The mean CASPer percentile score for Asian was 63.04 (n = 282, SD: 27.77, 95% CI:59.78–66.29), Black/African American was 47.86 (n = 112, SD: 28.74, 95% CI: 42.48–53.24), and White was 60.95 (n = 728, SD: 26.32, 95% CI: 59.04–62.87). The between groups model was significant for race (F2,1116 = 12.42, p < .001, h2 = .02). Post hoc analysis indicated Black/African American candidates had significantly lower CASPer percentile scores than Asian and White candidates (p < .001).
The between groups model for gender was also significant (F2,1116 = 12.42, p < .001, h2 = 0) for females scoring higher than males. The interaction of race and gender was not statistically significant. (Fig 1).

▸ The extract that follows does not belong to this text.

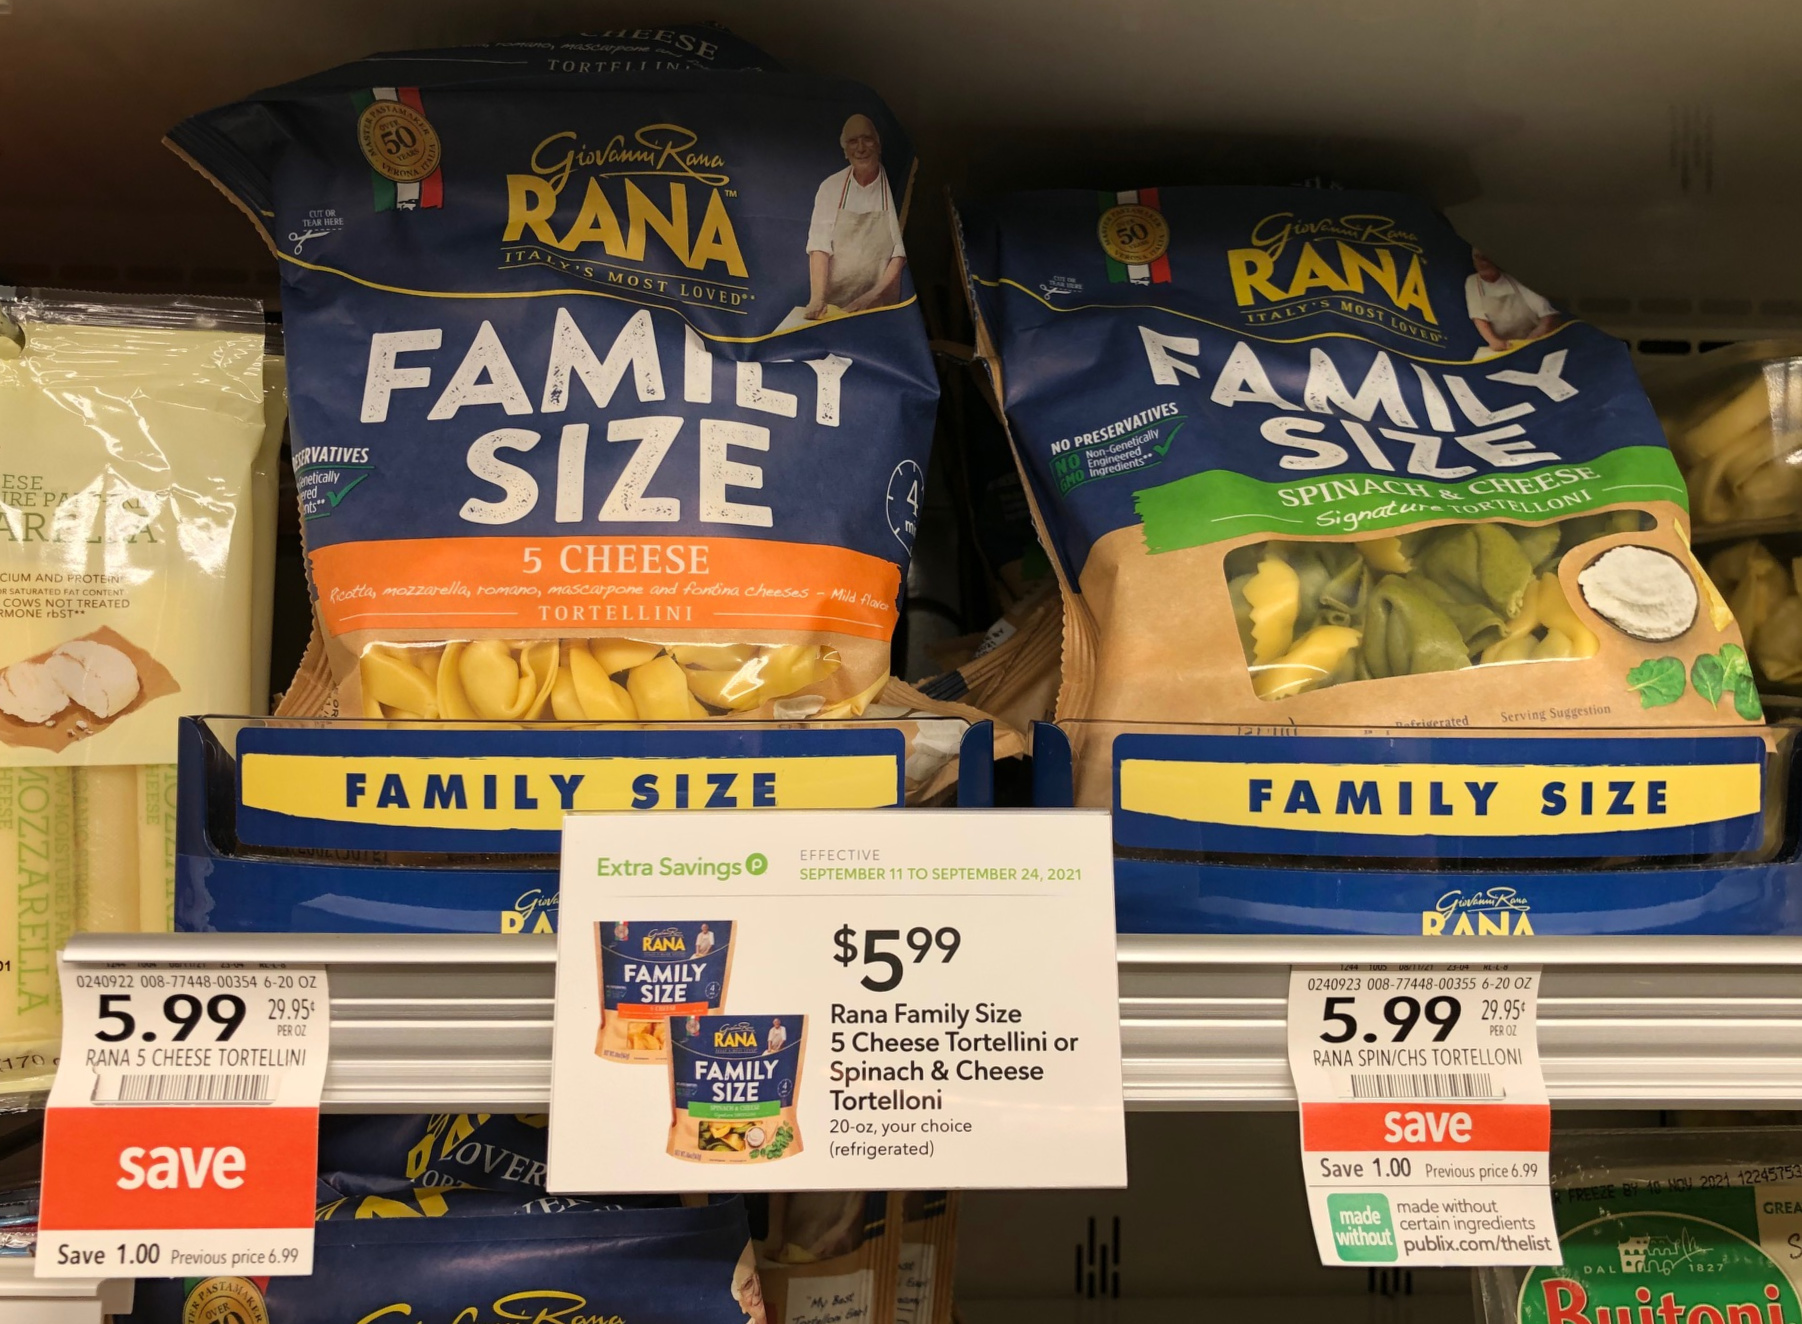 Rana Family Size Pasta Only $4.49 At Publix on I Heart Publix 6

To address question two, a linear regression model explored an association with MMI score using CASPer percentile, gender, and race. All three predictors were significantly associated with MMI score (Constant: 3.68; CASPer: β = .16, t = 5.55, p < .001; Gender: β = -.10, t = -3.50, p < .001; Race: β = .07, t = 2.311, p = .02). However, these variables identified a weak correlation (r = .20), explaining approximately 4 percent of the variance in MMI scores.
Discussion
Situational judgment tests contribute noncognitive data to consider as part of the medical school admissions process [20]. Based on our pool of candidates, CASPer scores varied significantly, with lower scores seen in those identifying as Black or African-American, American Indian or Alaskan Native, Native Hawaiian or Other Pacific Islander, or Hispanic ethnicity.
Our findings different from the New York Medical College School of Medicine study [15], which may be a reflection of the differences in the candidate pools. Specifically, in their comparison of White and African-American applicants, the White applicants scored higher on CASPer, but not significantly. As part of their study they used these results to simulate potential for an interview offer for medical school. With the inclusion of CASPer in the simulation, results suggested an increase in African-Americans being invited to interview.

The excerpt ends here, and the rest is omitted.